OCBC shares closed 0.34 per cent higher at $11.70 on Friday. ST PHOTO: KUA CHEE SIONG

SINGAPORE - OCBC Bank shares climbed on Friday (May 27) even as the financial regulator slapped a $330 million additional capital requirement on Singapore's second-largest bank the day before.

The move means that OCBC has to set aside more funds, which could have instead been used for the likes of investments and hiring, to buffer against operational risks. However, the bank already maintains capital buffers that exceed the minimum level for Singapore banks.

OCBC shares closed 0.34 per cent higher at $11.70 on Friday, following the announcement on Thursday evening. 

Its peers DBS Bank and UOB rose 0.23 per cent and 0.93 per cent respectively, while the Straits Times Index gained 0.67 per cent.

The Monetary Authority of Singapore (MAS) imposed the requirement on OCBC in the light of deficiencies in the bank's response to a wave of spoofed SMS phishing scams last December in which 790 victims lost $13.7 million.

OCBC has since arranged goodwill payouts to those affected and put in place measures such as a "kill switch" that lets customers freeze their bank accounts if they suspect that they have been scammed.

MAS' move will affect OCBC's common equity tier 1 (CET-1) ratio - which measures a bank's core equity capital compared with its total risk-weighted assets. The ratio indicates a bank's financial strength and ability to withstand risks.
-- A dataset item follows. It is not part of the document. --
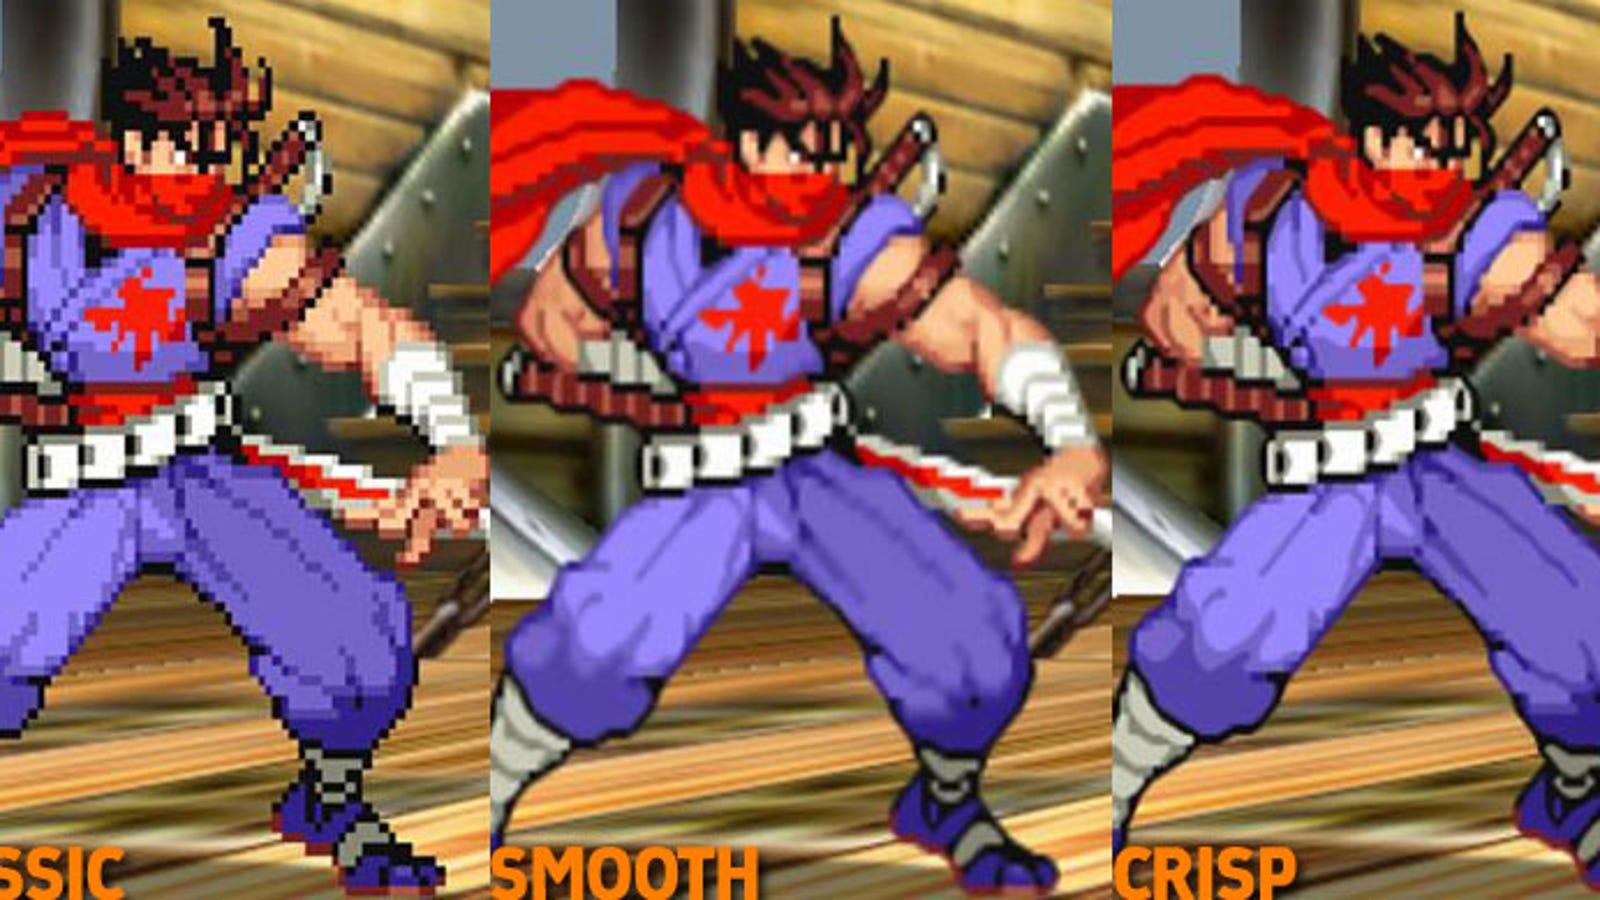 Marvel Vs Capcom 2 Old Graphics Vs New Graphics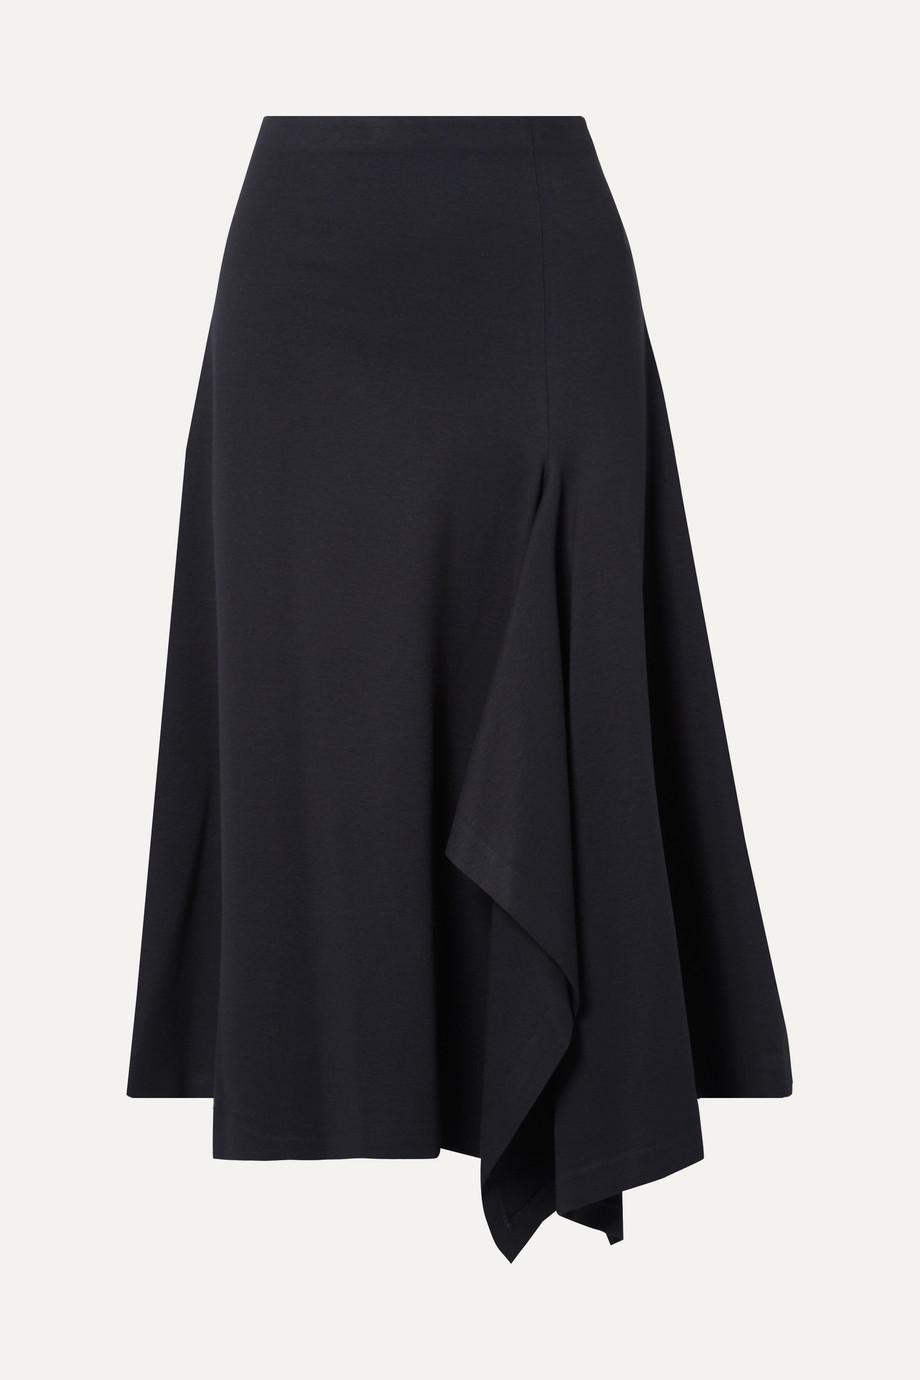 Rosetta Getty Draped stretch-jersey midi skirt

Banks here are required to maintain a CET-1 ratio of at least 9 per cent, including a capital conservation buffer, but most of them have ratios that are well above the regulatory requirement. 

OCBC's first-quarter CET-1 ratio stood at 15.2 per cent, while DBS' was 14 per cent and UOB's was 13.1 per cent.

OCBC now needs to apply a multiplier of 1.3 times to its risk-weighted assets for operational risk until MAS is satisfied that all deficiencies, which were identified in an independent review, have been addressed.

According to OCBC, which had a first-quarter net profit of $1.36 billion, the requirement will have a 0.21 percentage point impact on its group capital ratios. It added that its dividend policy will not be affected.

Phillip Securities Research analyst Glenn Thum noted that the penalty means OCBC’s CET-1 ratio will be 14.99 per cent, which is still the highest among the three local banks. 

“There is a likelihood that OCBC will still be able to raise dividends in the future,” he told The Straits Times. 

This is not the first time MAS has imposed such a requirement on banks here. In February, it ordered DBS to set aside another $930 million in regulatory capital following the widespread outage of its digital banking services last November - its worst disruption in a decade.

The amount was four times higher than the $230 million DBS had to set aside for a similar disruption of its digital banking services in 2010.

Mr Thum said the recent penalties mean that local banks have to be more stringent about how they deal with scams and external threats, while ensuring that their core banking system remains secure. 

“MAS is making sure that the banks are penalised without putting a major handicap on their growth,” he added. 

Maybank research head Thilan Wickramasinghe said banking is built on trust. “As the sector becomes increasingly digitalised, the trust aspect becomes equally important in the physical world as well as online. So we expect regulators to be more proactive.” 

He added: “This is needed in ensuring systemic stability and regulators will use the tools at their disposal to encourage banks to ensure the safety and resilience of their systems and services. Cyber security will play an ever more important role in risk management and also feature more in investments going forward.”